FIG. 9A is a timing chart illustrating coding and decoding processes in the present embodiment when the transmission timing change data exists. After adjusting the transmission timing of coded data (step 204 in FIG. 6), the remaining time is calculated and a subprocess to be executed subsequently is selected, as shown in FIG. 7. In this way, a resultant sequence of coding and decoding subprocesses is determined, for example, as shown in FIG. 9B.

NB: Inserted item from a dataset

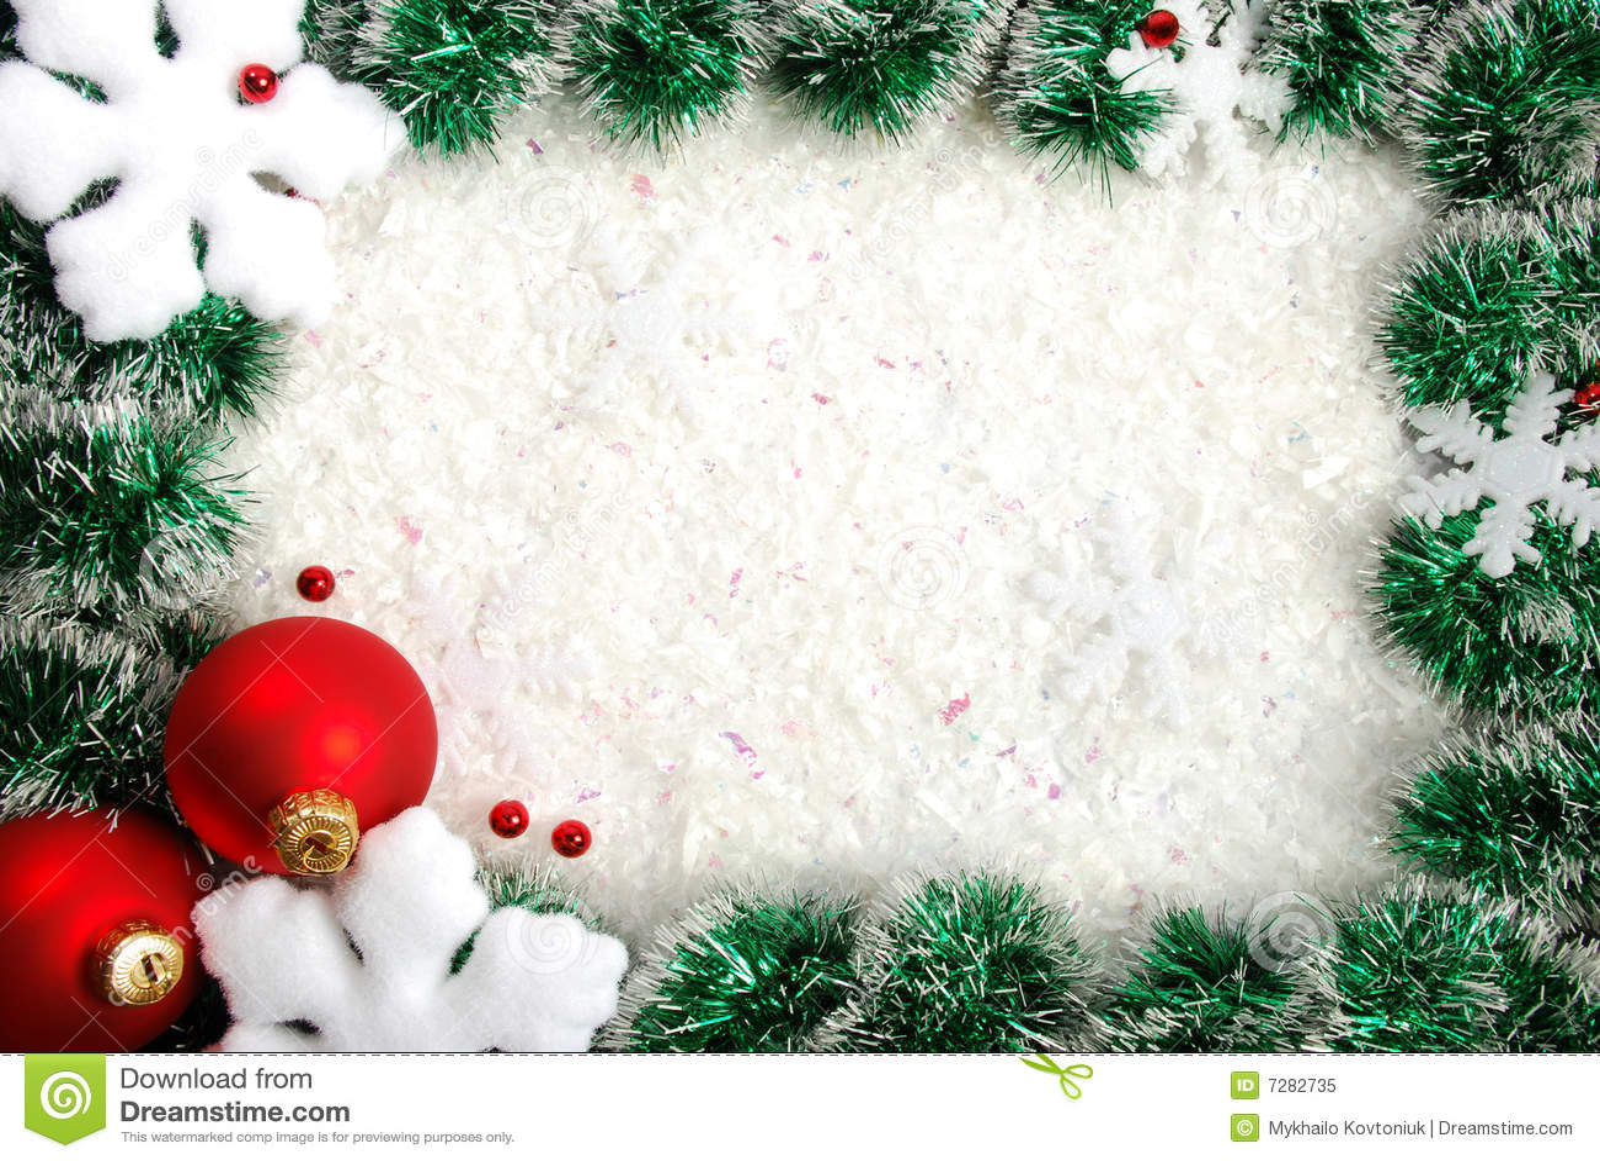 Christmas Border Royalty Free Stock Photo Image 7282735

In FIG. 9B, after the decoding subprocess DSUB0 has been completed, a candidate to be subsequently executed is either the decoding subprocess DSUB1 or the coding subprocess CSUB0. If the total required time (Tco-0+Tdec-1) of CSUB0 and DSUB1 is larger than the time RD remaining until the first deadline for decoding subprocess, DSUB1 is selected and executed. Therefore, DSUB0 and DSUB1 have been executed before the first deadline. At this point, the next candidate is CSUB0 or DSUB2. If the total required time (Tco-0 +Tdec-2) is smaller than the remaining time RD, CSUB0 is selected and executed. Similar operation is repeated to execute all the subprocesses DSUB0-DSUB3 and CSUB0-CSUB3 in the sequence as shown in FIG. 9B.
As described above, in the speech information processing system according to the present invention, under such conditions that the coded data receiving timing is fixed and the coded data transmission timing is varied, the remaining time in coding is calculated frame by frame and a subprocess suitable for the calculated remaining time is selected and executed. As a result, the delay time of coding and decoding is considerably reduced, shortening the delay in speech information processing.